The material parameters of the model are set as follows: the elastic modulus of sandstone-mudstone is 48 GPa, with a Poisson’s ratio of 0.3; the elastic modulus of salt-gypsum rock is 68 GPa, with a Poisson’s ratio of 0.3. The constitutive relation adopts a nonlinear model fitted based on creep experimental data, and the parameters of the LC2 rock sample are used as the basis for the simulation. This is because the LC2 rock corresponds to the well depth of the established model and the fitting curve. The specific parameter values are as follows: power-law creep coefficient A = 9 × 10−15, stress index m = 5, and time index n = −0.003. The model adopts the strain-hardening criterion, which can accurately describe the strength improvement characteristics of rocks caused by internal structure changes during deformation by introducing strain hardening parameters, thereby more realistically simulating the mechanical response of deep salt-gypsum rock formations.

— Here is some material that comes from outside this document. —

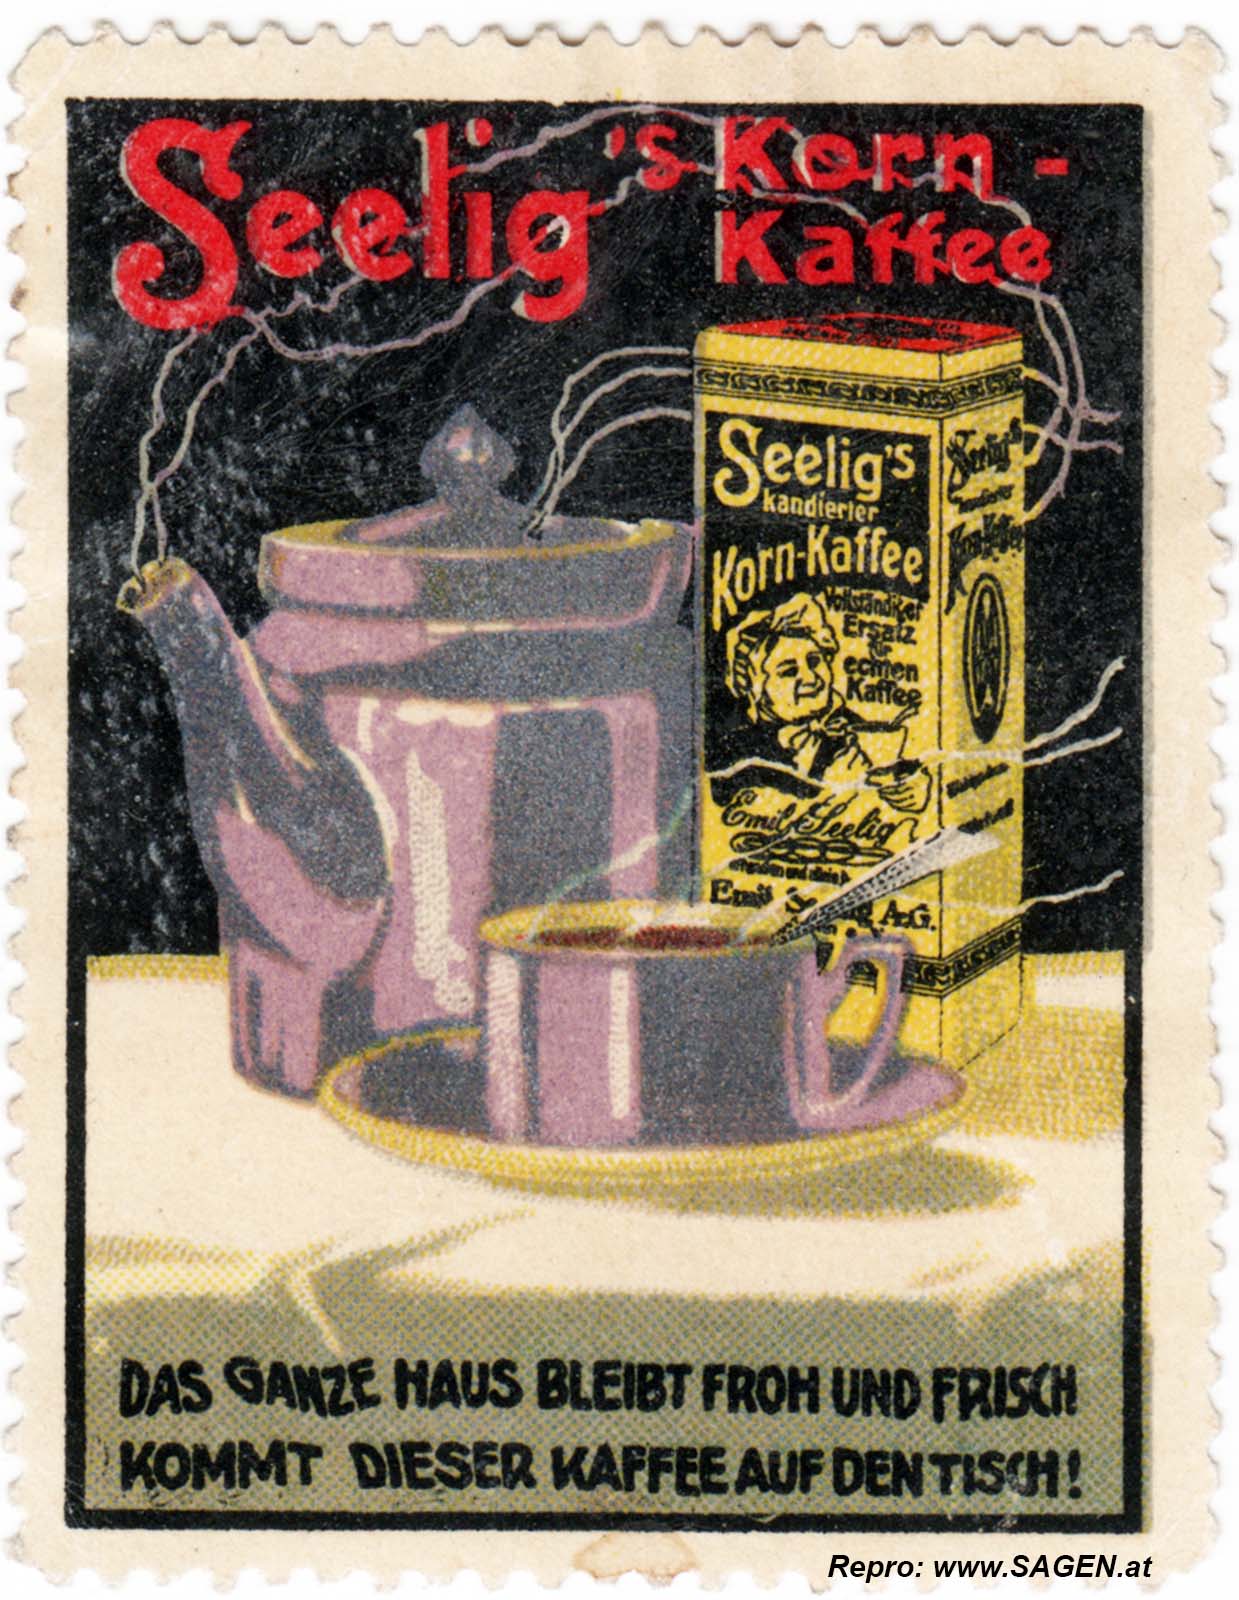 Reklamemarke Seelig's Korn-Kaffee

4.2. Mesh Generation and Boundary Loads

The model is discretized using non-uniform mesh density, with local refinement in stress-concentrated zones (e.g., wellbore walls and layer interfaces) and sparser meshes in remote areas to optimize computational efficiency. Hexahedral elements are used, resulting in an optimized total mesh count of 340,200 elements. This meshing strategy balances numerical accuracy and computational cost, providing a robust foundation for borehole deformation simulation. At the interface between the salt-bearing gypsum mudstone and salt layers, displacement continuity constraints are imposed to prohibit relative slip during creep, reflecting the cooperative deformation behavior of real geological layers.
In situ stress boundary conditions are determined using logging data inversion results: a maximum horizontal stress of 127.49 MPa, a minimum horizontal stress of 123.58 MPa, and a vertical stress of 117.43 MPa. To investigate the effect of varying drilling fluid densities on borehole deformation, five representative densities (2.0 g/cm3, 2.1 g/cm3, 2.2 g/cm3, 2.3 g/cm3, and 2.4 g/cm3) were simulated by applying corresponding uniform pressure to the borehole inner wall. These densities cover the typical pressure regulation range in field drilling, enabling systematic analysis of borehole response characteristics under varying liquid column pressures. The numerical simulation analysis step runs for a total of 4 h to capture the early-stage dynamic evolution law of borehole deformation.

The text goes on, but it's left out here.